- 29 October 2022
- 5567 views
We’re stepping into the part of the Twelve Steps that doesn’t coddle us. It asks us to be honest—brutally, uncomfortably honest—not because we’re bad people, but because growth only happens when we drop the illusions.
In “16 – And This Is Why…” I talked about the importance of getting tough with ourselves without falling into shame. Our culture tends to soften the blow with gentle language, avoiding anything that sounds like taking responsibility because it gets confused with self-blame. But pages 60–63 of the Big Book don’t pull punches. They confront us with this hard truth:
If self-will worked, we wouldn’t be here.
Step Three invites us to turn over the reins—not in defeat, but in the hope of finally finding freedom.
The Big Book asks us to turn our will and our lives over to the care of a higher power. But what does that actually look like in daily life?
It begins with clarity about how self-will operates—and why it doesn’t lead us where we want to go.
The book begins bluntly:
We must be convinced that self-will can no longer run the show.
Self-will is defined as “the quality of obstinately doing what one wants in spite of the wishes or orders of others.” I’ve never worked with someone who enjoys admitting they’re not in control. I didn’t want to admit that either.
I liked to see myself as kind—not obstinate. But the authors explain that when we lead with self-will, we’re almost always at odds with people. Sometimes our motives seem helpful; other times, we’re simply trying to get our way.
When our world revolves around how we think things should be, things tend to backfire—and we walk away confused, thinking others are ungrateful or unreasonable. We see our way as the right way or the better way.
Before I met my husband, I volunteered as a fitness instructor. I kept teaching through pregnancy and even during part of my maternity leave. When I returned to work, I gave up teaching but still needed time to exercise.
My husband and I agreed on a schedule that included Saturday morning workouts. Meanwhile, he worked full-time and was building a web business on evenings and weekends.
Even though we had a clear agreement, I’d often skip the Saturday gym time out of guilt—because our child was awake then and knew he wouldn’t get work done. I thought I was being thoughtful. But tension built between us.
Eventually, my husband explained that when I didn’t stick to the plan, it disrupted his schedule. And worse, he was concerned that I would want him to “make it up to me” later—but he never knew how or when. My so-called help came with strings attached.
I had put myself at odds with him not because I wanted conflict, but because my self-will was silently steering the ship under the guise of generosity.
The Big Book says that when things don’t go our way, we may become more gracious or more demanding—depending on our personality. When that fails, we become “angry, indignant, self-pitying” (p. 61).
We hate feeling controlled by others—yet we often attempt to control them.

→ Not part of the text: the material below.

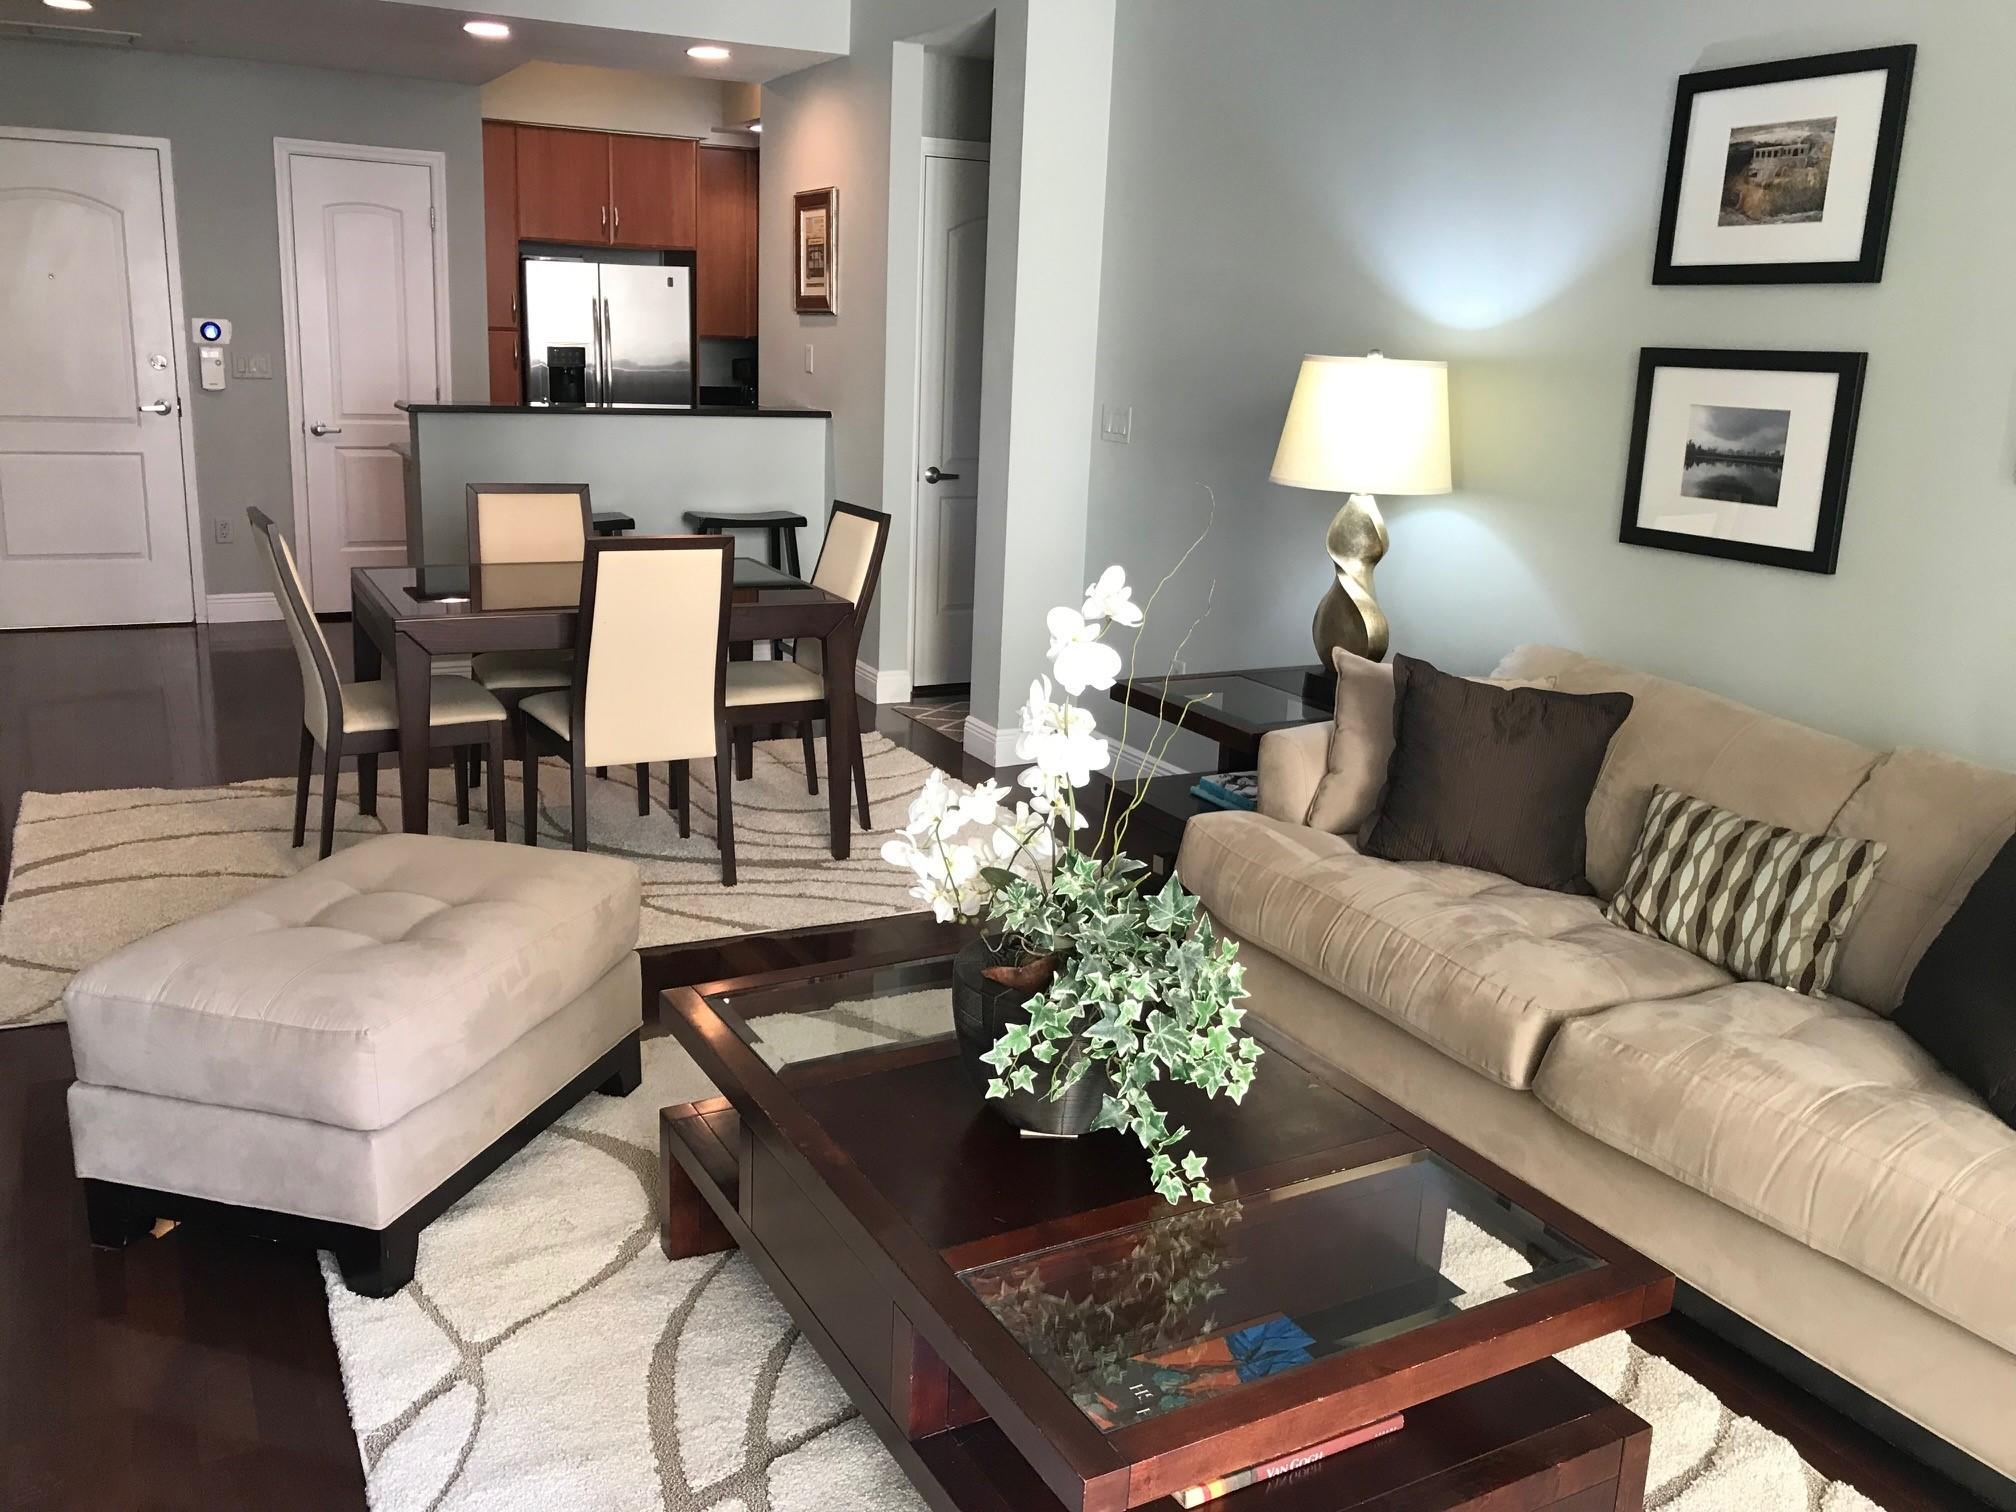 801 S Olive Avenue, 929 - West Palm Beach, Florida

“Sometimes they hurt us, seemingly without provocation, but we invariably find that at some time in the past we have made decisions based on self which later placed us in a position to be hurt.” (p. 62)
In my own story, it was my decision to skip workouts—breaking our agreement. That decision, born of self-will, paved the way for resentment and conflict. I made the decision that later placed me in a position of having hurt feelings when he got angry.
Before OA, my best thinking led me to over 300 pounds, emotional isolation, and tension with nearly everyone in my life—some real, some imagined.
I overreached, people-pleased, and spiraled into self-pity. I unconsciously made food a refuge—a way to numb the discomfort I didn’t want to face.
Step Three is not complicated. It’s a pledge to walk through the remaining steps with open-hearted willingness.
We’re told that if we stay committed, we’ll become less self-absorbed and more focused on what we can bring to life—not just what we can take from it.
Eventually, solving real problems replaces the need to soothe or escape through food.
“…this concept was the keystone of the new and triumphant arch through which we passed to freedom.” (p. 62)
Surrendering control is rarely comfortable. But clinging to self-will guarantees more frustration, more isolation, and more disconnection from the life we want.
If you’re standing at the edge of Step Three, unsure whether to let go or double down, let this be your turning point.
You don’t have to get it perfect.
You just have to be willing.
Freedom doesn’t begin when we finally figure everything out—it begins the moment we stop pretending we already have.